Description of the task.
The line containing "Nordic Wood Tree", plus every line that follows it to the end of the listing below, is what you transcribe exactly; omit all pictures.

___ Input data

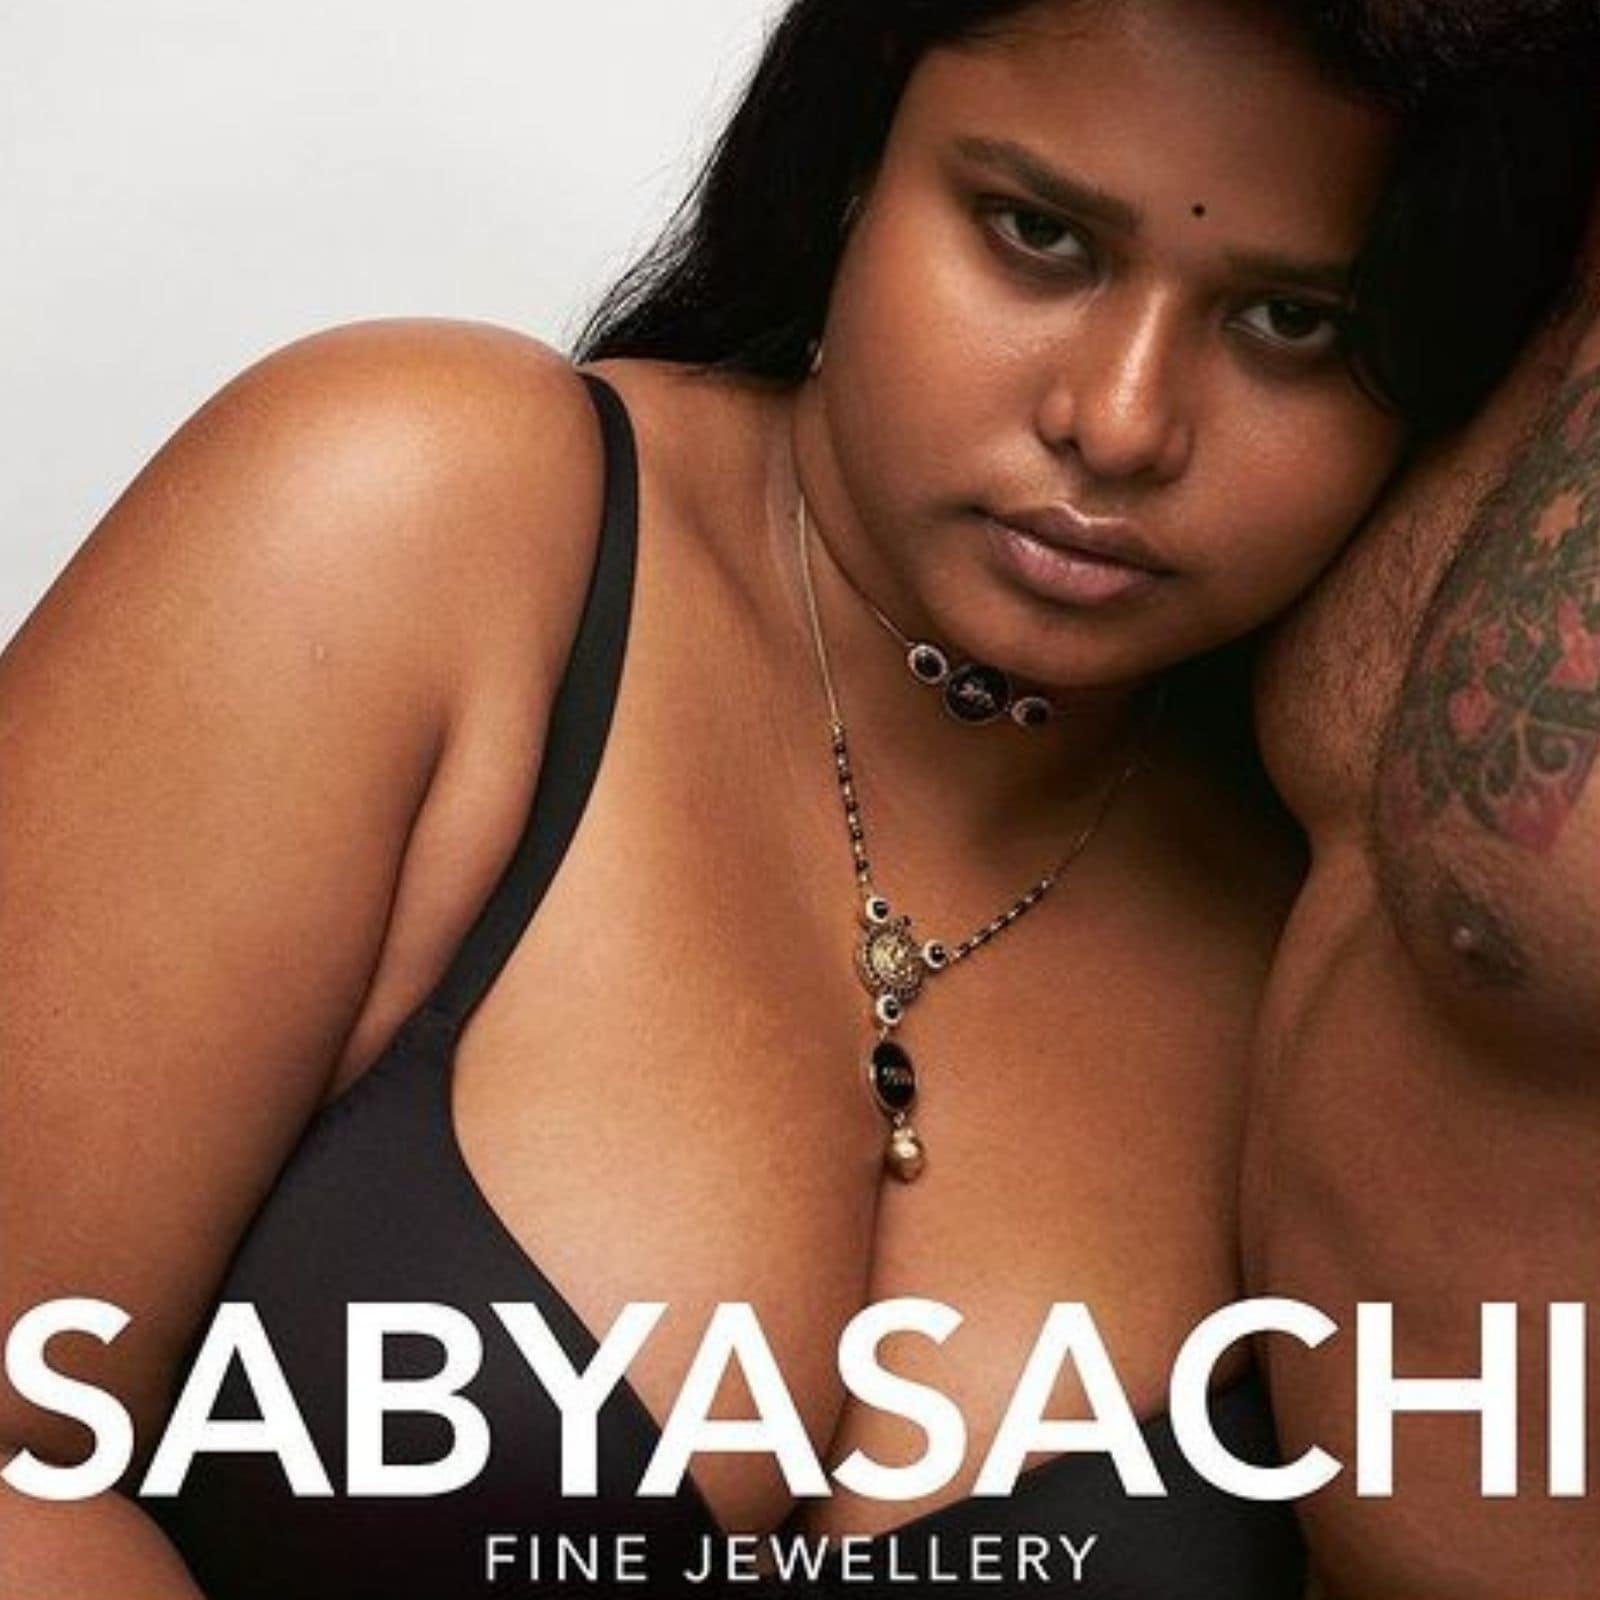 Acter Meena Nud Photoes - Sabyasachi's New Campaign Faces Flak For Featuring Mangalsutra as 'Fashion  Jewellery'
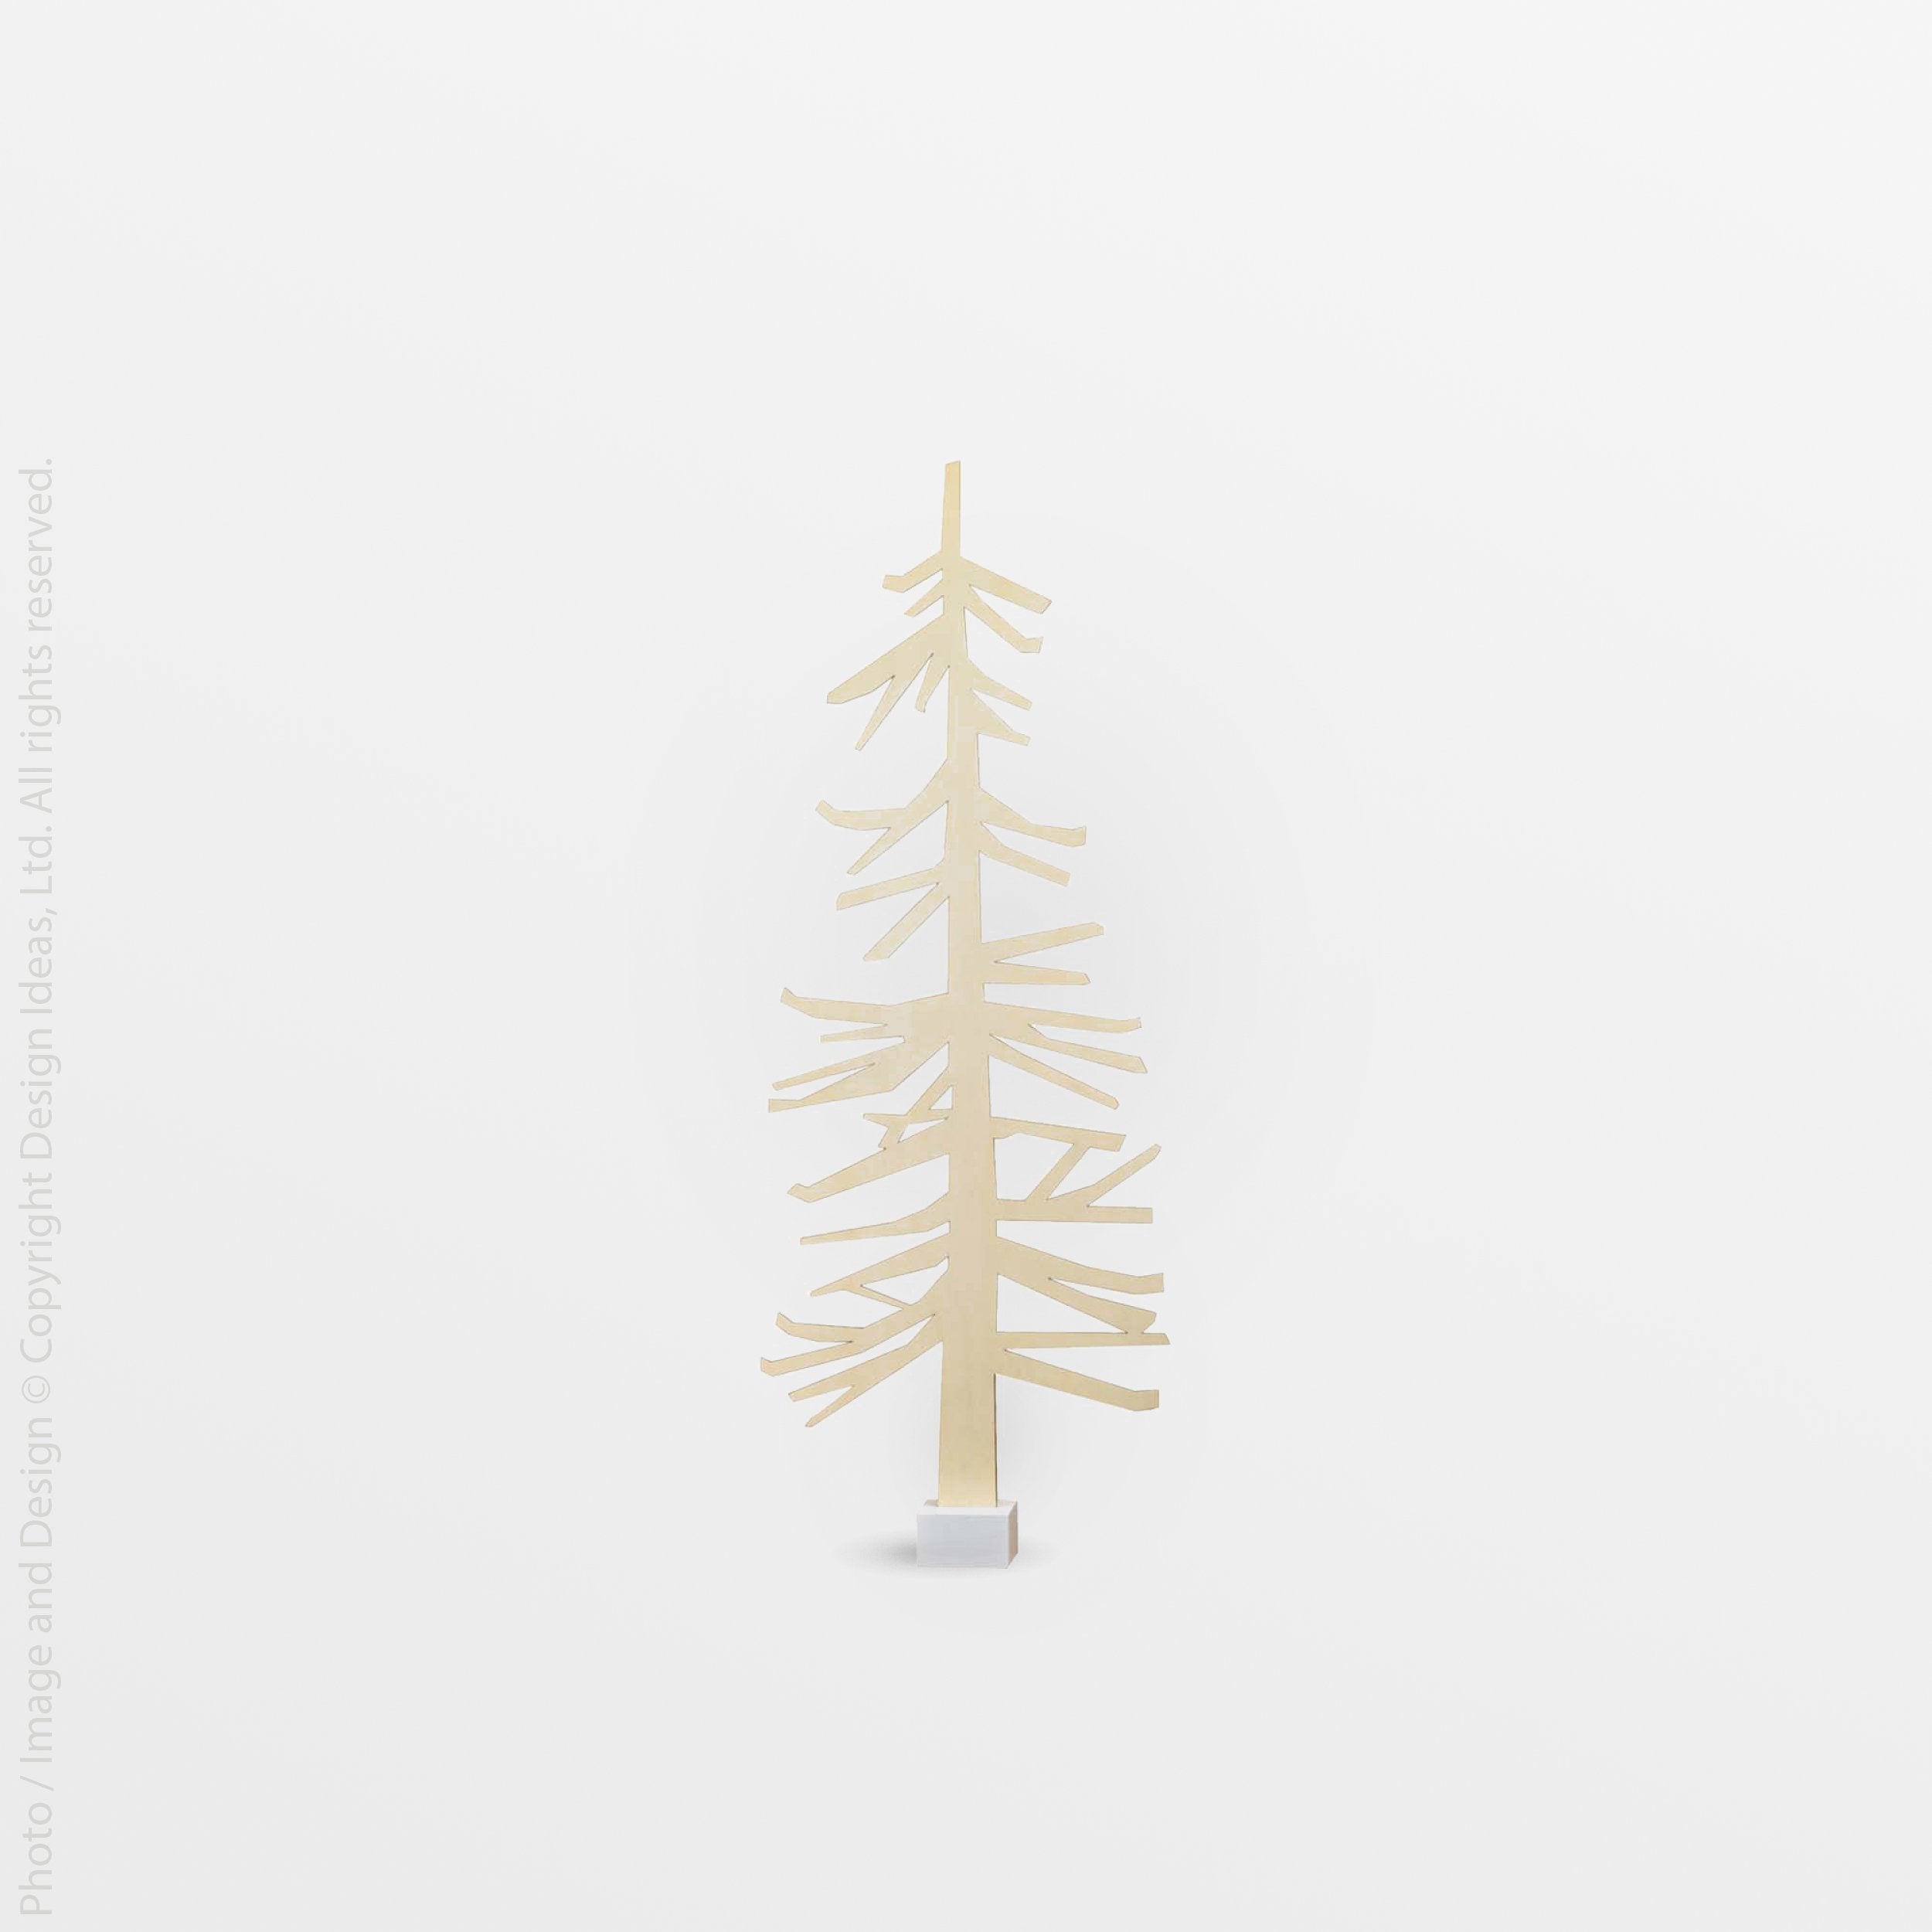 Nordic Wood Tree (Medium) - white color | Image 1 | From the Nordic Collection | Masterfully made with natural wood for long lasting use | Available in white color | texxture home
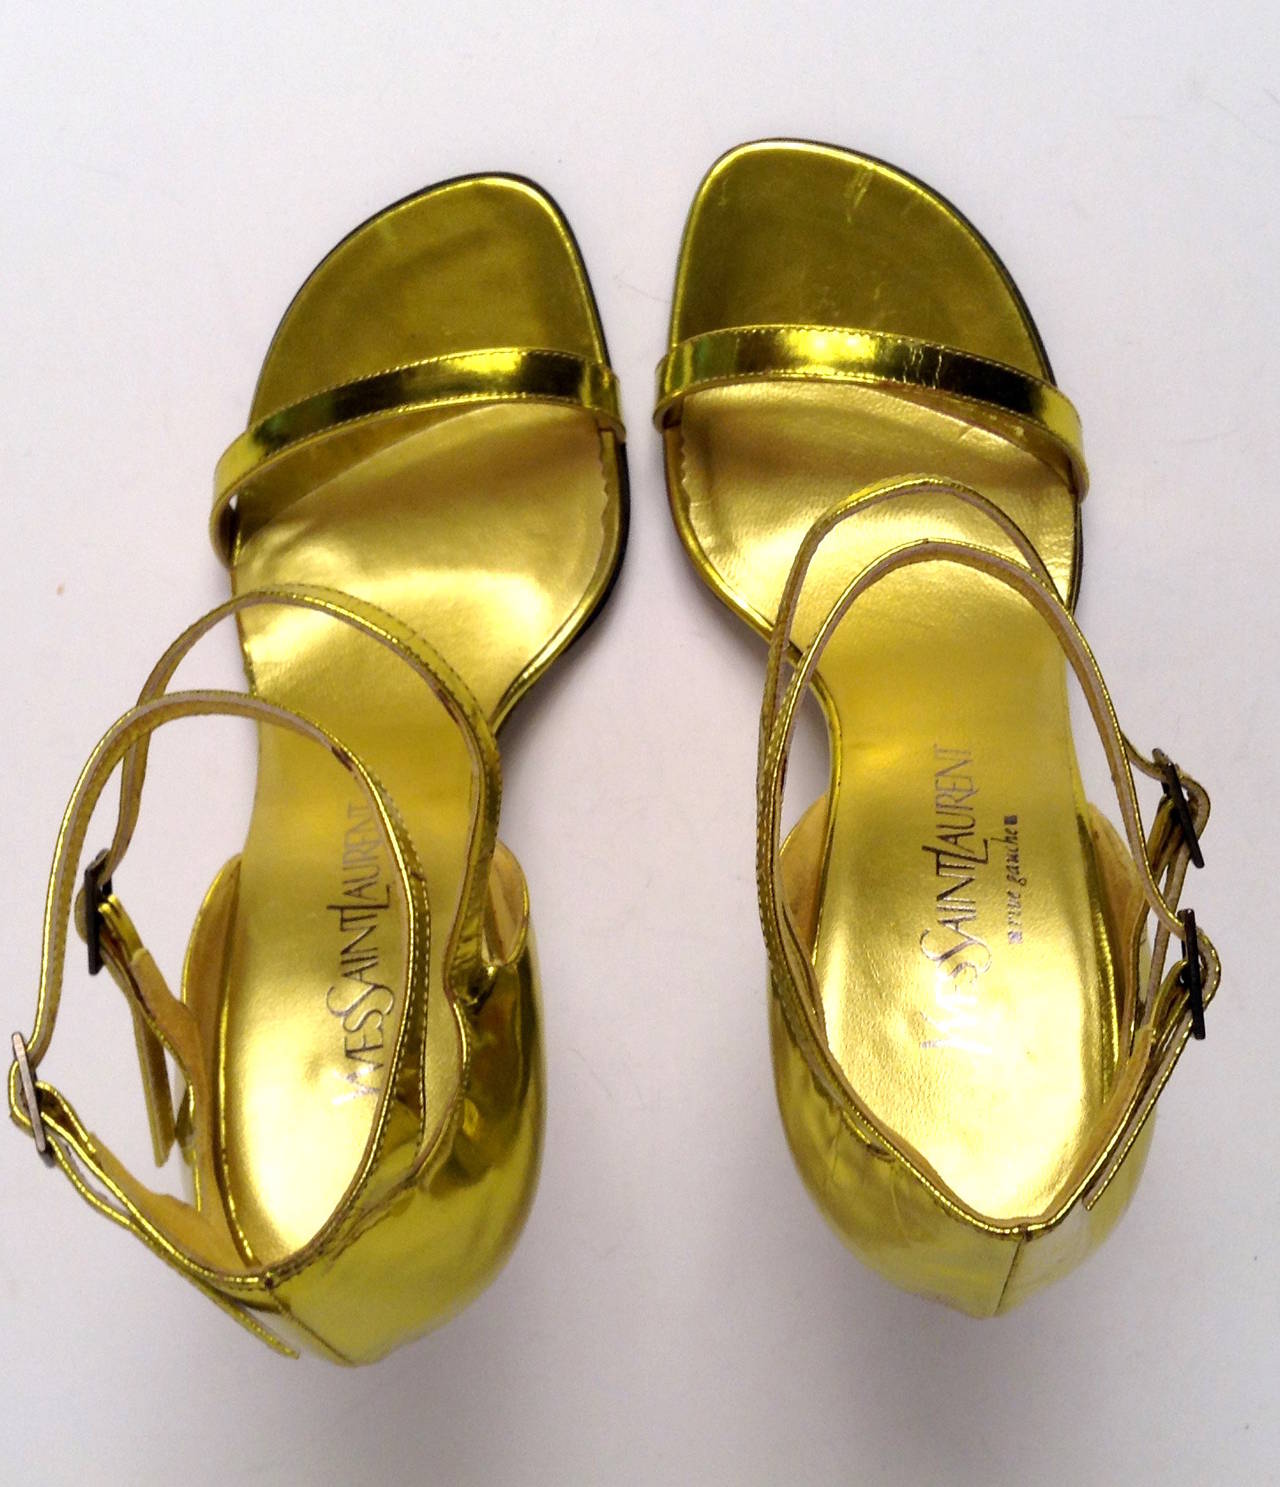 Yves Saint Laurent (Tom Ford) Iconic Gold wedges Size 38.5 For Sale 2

______

Written solution.
 Nordic Wood Tree (Medium) - white color | Image 1 | From the Nordic Collection | Masterfully made with natural wood for long lasting use | Available in white color | texxture home
 Yves Saint Laurent (Tom Ford) Iconic Gold wedges Size 38.5 For Sale 2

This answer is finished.